Returning again to FIG. 6, the reenabling of relay 7RA causes relay
6ES to operate from ground through enabled make contacts 7MF-11 and
7RA-10, released break contact 6AS-2, enabled make contact 6BS-10,
and released transfer contact 6ES-5. Relay 6ES locks operated
through its own transfer contact 6ES-5 to ground via enabled make
contact 7MF-11.
Digressing momentarily, it should be noted at this point that since
the embodiment only contains one hundred possible announcement
circuits, translation of the two digits already received is
sufficient to completely describe the desired announcement and the
controlling register 16 could release at this point.
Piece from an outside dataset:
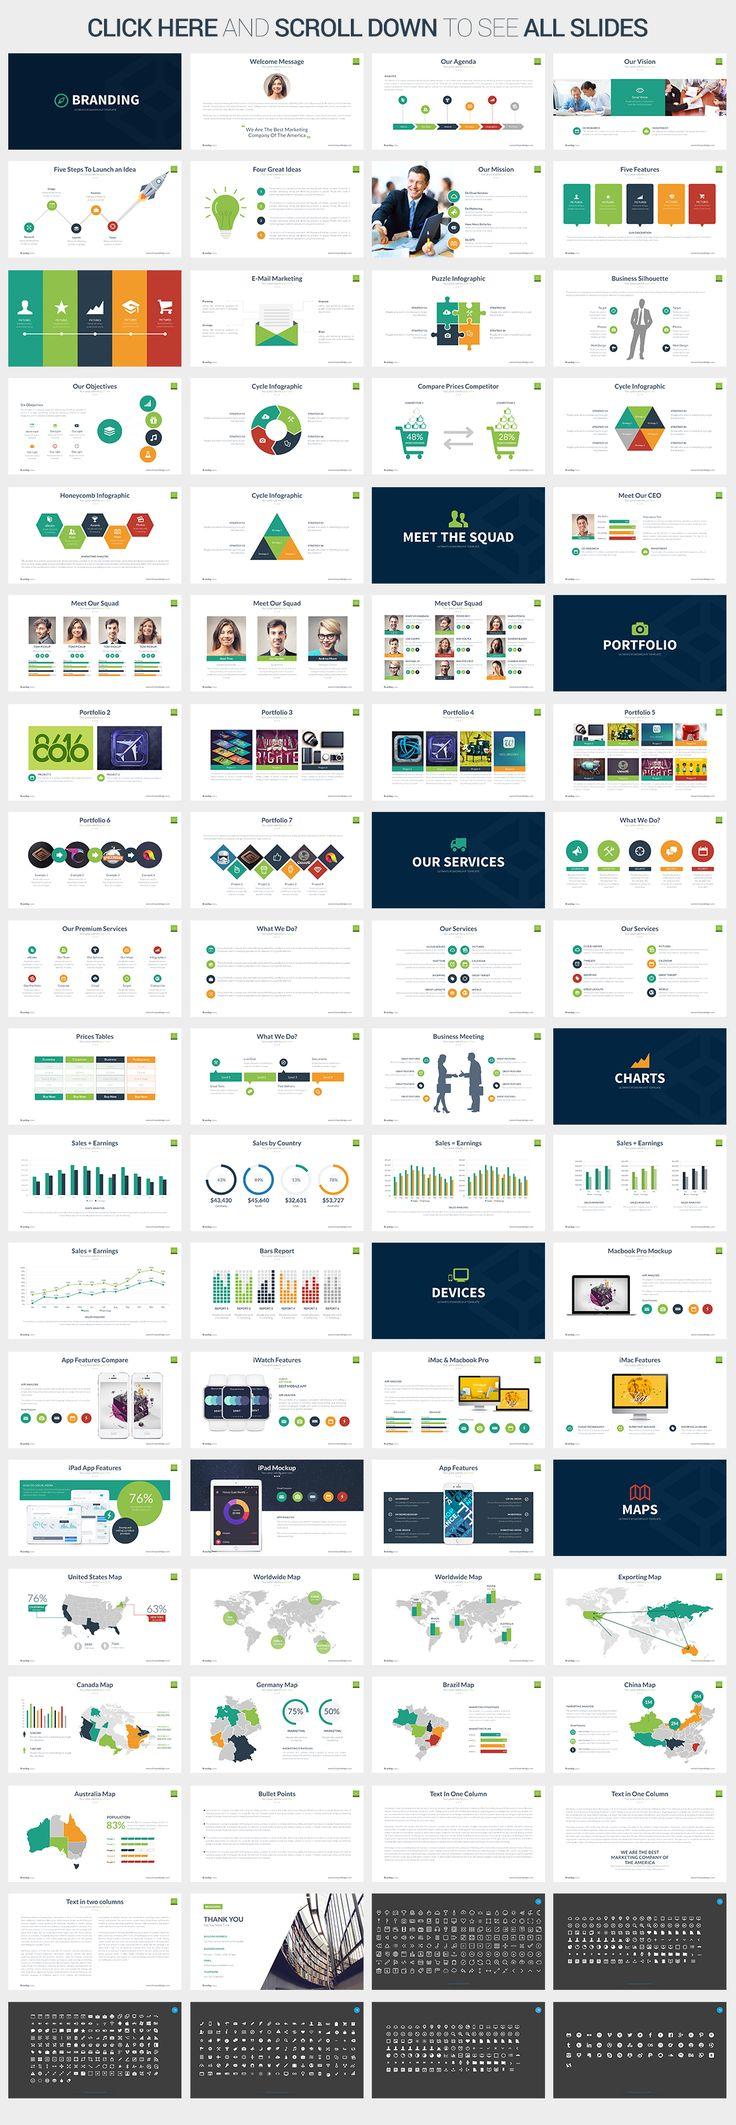 Branding Powerpoint Template by SlidePro on @creativemarket
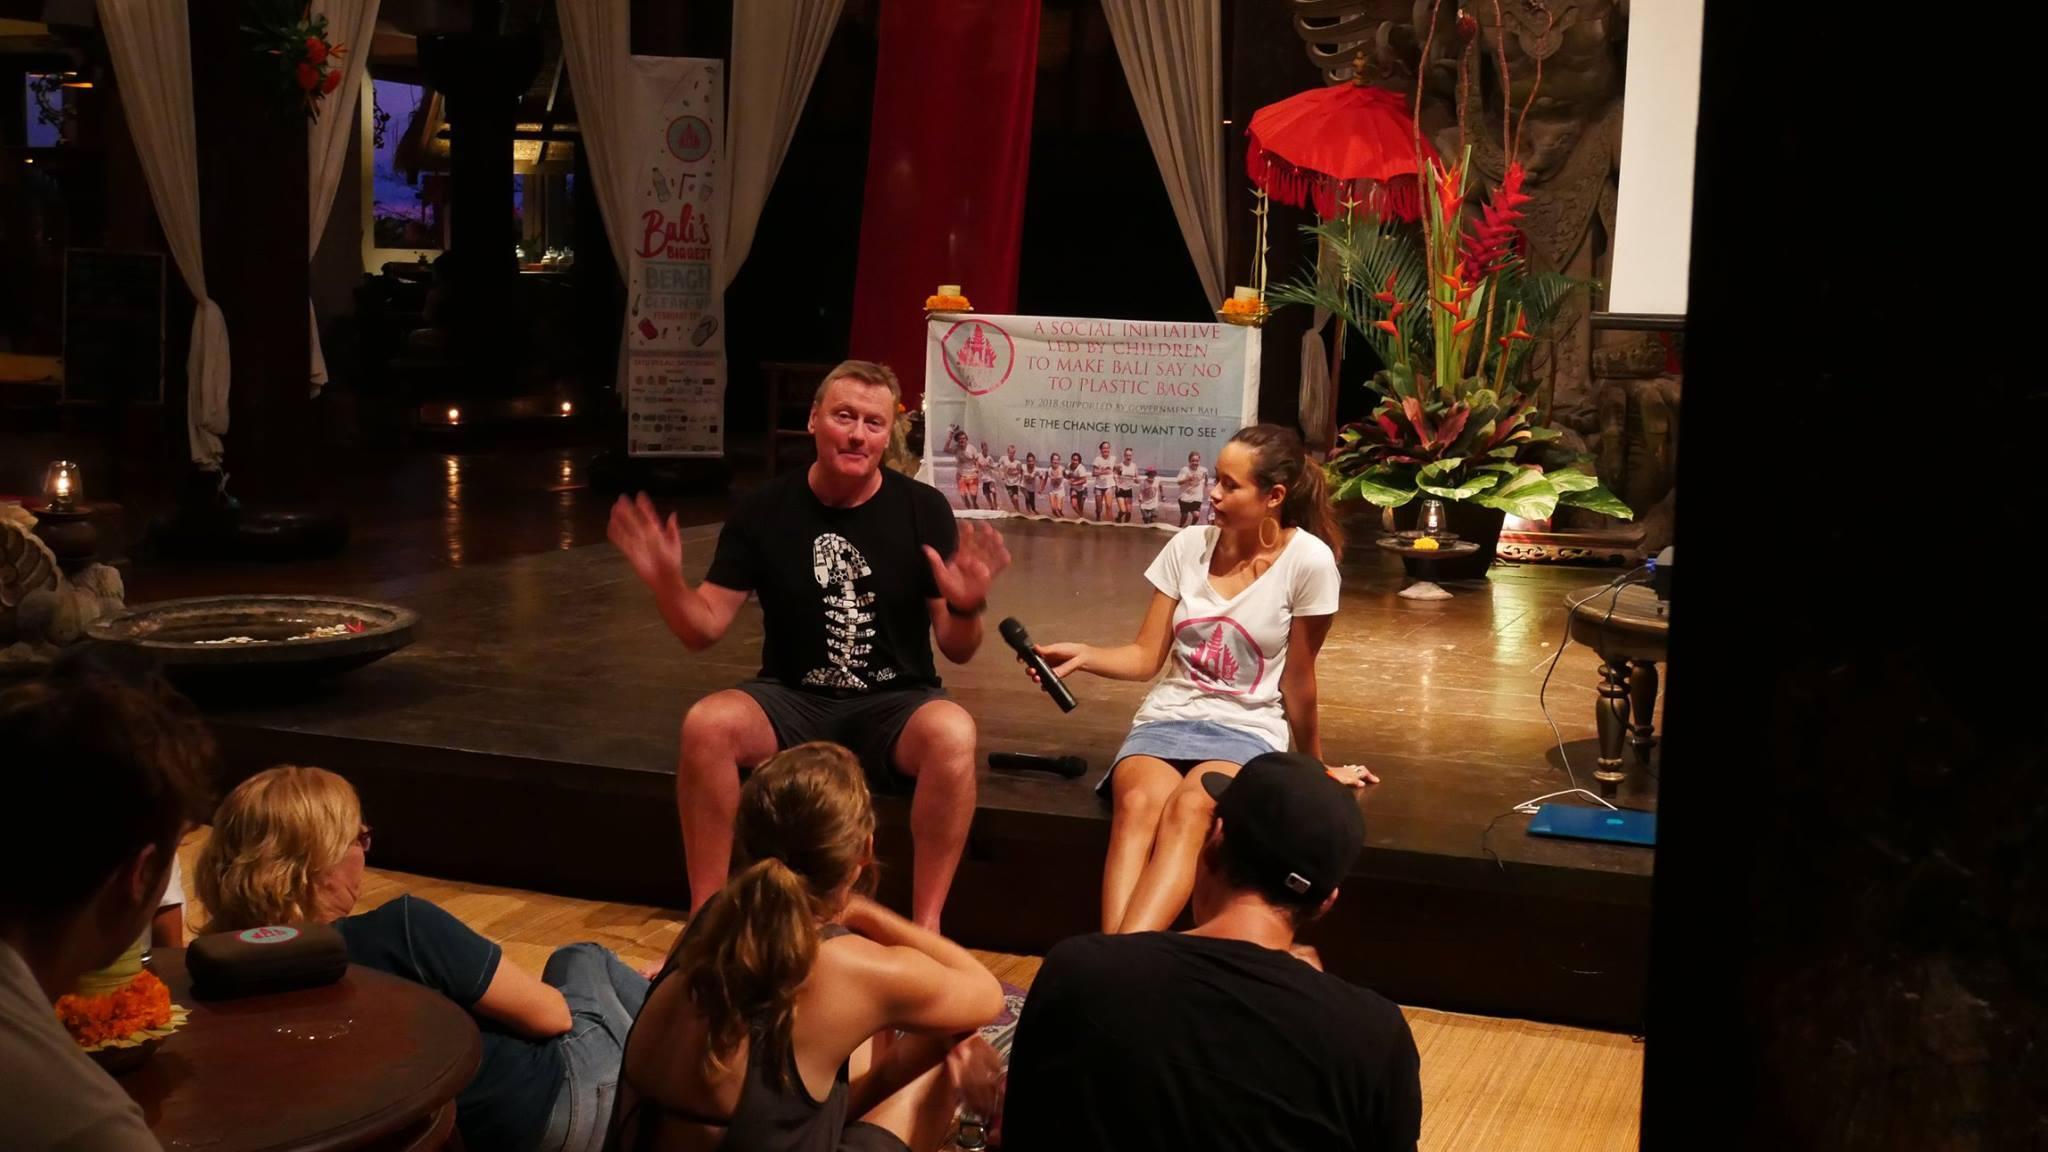 David Jones speaking in Bali

However, in
order to prevent a premature reversal to the distant sender prior
to the time the sender has completed its outpulsing, relay 7RA
continues to follow the incoming pulse information and thereby
advances the steering control relays 6AS-6ES. When all the digits
have been transmitted, the received start pulse enables relay 7TEN,
FIG. 7, which relay locks operated to ground via the enabled make
contacts 7TEN-10 and 7MF-10.
2.7 translation of Registered Digits into Codes
Turning now to FIG. 8, during the digit registration interval,
ground was extended via released break contact 8XS-3, enabled make
contact 7ON-9 and lead ONG to the announcement link connector
circuits, FIGS. 10 and 11. This ground is passed through a chain of
contacts associated with each announcement link connector circuit,
such as released break contacts 10RC-14 and 11RC-14 and back over
the ONS lead to incoming register 16, FIG. 8. The purpose of this
chain of relay contacts, as will be seen from that which follows,
is to ensure that only one incoming register at a particular time
has access to the announcement link connector circuits.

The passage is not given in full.